Court Opinion

ID: 3621351
Source: CourtListenerOpinion
Date Created: 2016-07-06 00:03:02.749661+00
Date Added: 2024-06-11T14:01:46.733971
License: Public Domain

By section 14 of art. 6 of the constitution, it is declared, that a county judge shall be elected in each county of the state, except in the city and county of New York, who shall hold a county court, and this county court "shall "have such jurisdiction in cases arising in justice courts, and "inspecial cases, as the legislature may prescribe, but shall "have no original civil jurisdiction except in such special "cases." The judiciary act of May 12, 1847, sections 29, 30, 31, enumerates the special cases of which county courts shall have jurisdiction, and among them is the action for assault and battery, when the damages claimed do not exceed five hundred dollars. In all such actions and proceedings as they have jurisdiction of, the power to hear, try, and determine them, according to law, is declared. County courts are therefore courts of special and limited powers, dependent upon the legislature for their jurisdiction, and subject to any alteration which the legislature may think proper to make with respect to it at any time. When the action for assault and battery was commenced in September, 1847, by Dayharsh against Enos, in the Madison county court, that court had jurisdiction *Page 535 
and power to try it; but before it could be tried, the code of 1848 took effect as a law. The 32d section of that code repealed the judiciary act so far as it had conferred or defined the jurisdiction of the county courts, and declared their jurisdiction de novo, omitting the action of assault and battery, and a number of other actions, altogether; but expressly providing that the repeal should not affect any proceedings then pending in those courts. "Any proceeding," I suppose must be understood as embracing any "action" then pending, so that the action in question still had its standing in court. But how was it to be tried? The 34th section of the code appointed general terms of each county court, for the final hearing of actions or proceedings pending therein; but this code provided no way for the trial of issues of fact previously joined. Its provisions related to issues of fact thereafter joined, (sec. 35.) Such issues were to be tried by the court, unless on motion of either party it should order a jury trial. When a jury should be ordered, sections 36 and 37 prescribe the manner of obtaining and drawing the jury. By introducing the word "hereafter" intosection 35, all those provisions which followed about a jury trial in the county courts were made to relate, not to issues which had been already joined, and were then pending in those courts under the law of 1847, but confined them to issues of fact which should be subsequently joined. This was probably an oversight or an inadvertence. Still it may be asked, was there not a power residing in the county court of Madison to try that cause by a jury? I think there was. The court was a constitutional court. Its power and jurisdiction had been declared and defined by the judiciary act. In virtue of that law the court had acquired jurisdiction over the person of the defendant, as well as over the subject matter of the action. The jurisdiction of the court in respect to future cases and proceedings was materially altered by the code, but the court was left in possession of this pending action, unaffected by the change. The court was required by the code itself to hold a *Page 536 
general term on days and at places specified, "for the final "hearing of actions or proceedings pending therein." The constitutional right of trial by jury belonged to the case. In the absence of any specific directions for summoning or obtaining the attendance of a jury, the court still had the power to order a jury to be summoned and drawn for the trial of the cause. It was a necessary power inherent in the court, and which it might exercise, unless a trial of it by a jury had been waived by consent of parties, or in some other manner prescribed by law. (Constitution, art. 1, sec. 2.) When therefore this cause was brought before the county court to be tried, as it was in September, 1848, that being one of its stated terms, it was clearly competent for the county judge to order a jury to be summoned to try it; the parties not having in any manner waived a trial by jury. It appears from the record that the trial took place before a jury of twelve men, who were drawn from a pannel of eighteen residents of the county, summoned by the sheriff for the purpose, under an order made by the county judge in court, and by that jury a verdict was rendered in the usual manner of such trials, on which judgment was given.

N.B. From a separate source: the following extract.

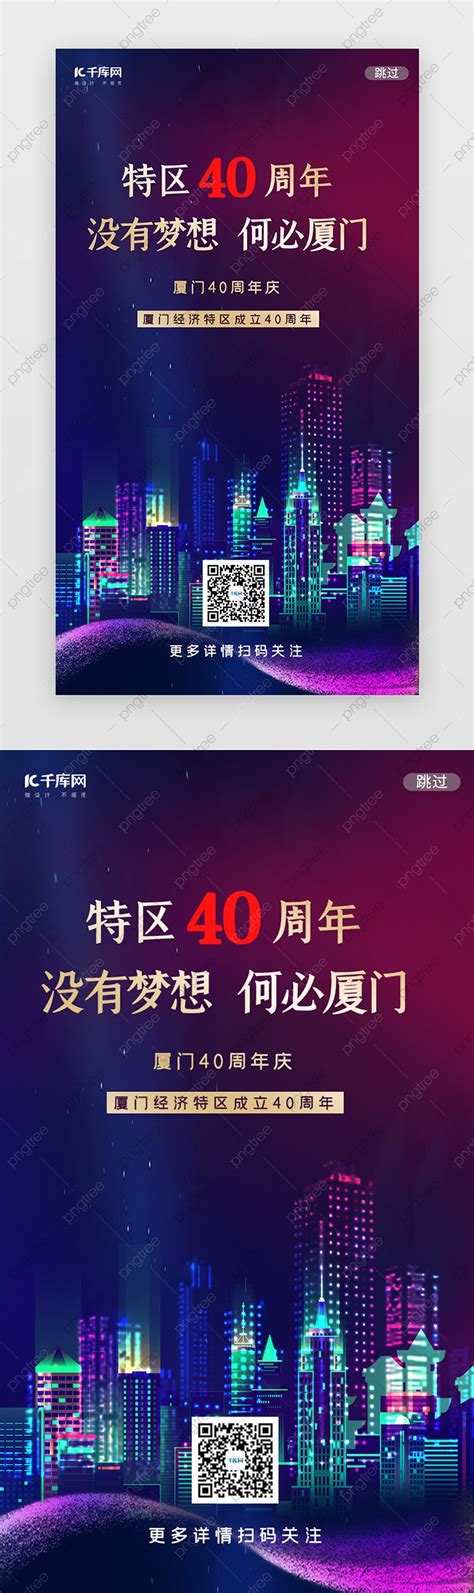 The 40th Anniversary Of Xiamen Special Economic Zone Splash Screen

Now the question on this appeal is not one of regularity or irregularity in the manner of summoning, returning, or drawing the jury, or in the mode of conducting the trial. If there was any thing objectionable in either of those respects, the dissatisfied party should have sought his remedy in another form. The only question upon the record brought up on this appeal, is a question of jurisdiction and power of the county court to try the cause at all, and more especially to try it by a jury; and believing as I do that notwithstanding the change in the law while the action was pending, the county judge retained the jurisdiction, and had the power to order a jury for the trial of it, I think the judgment appealed from must be affirmed.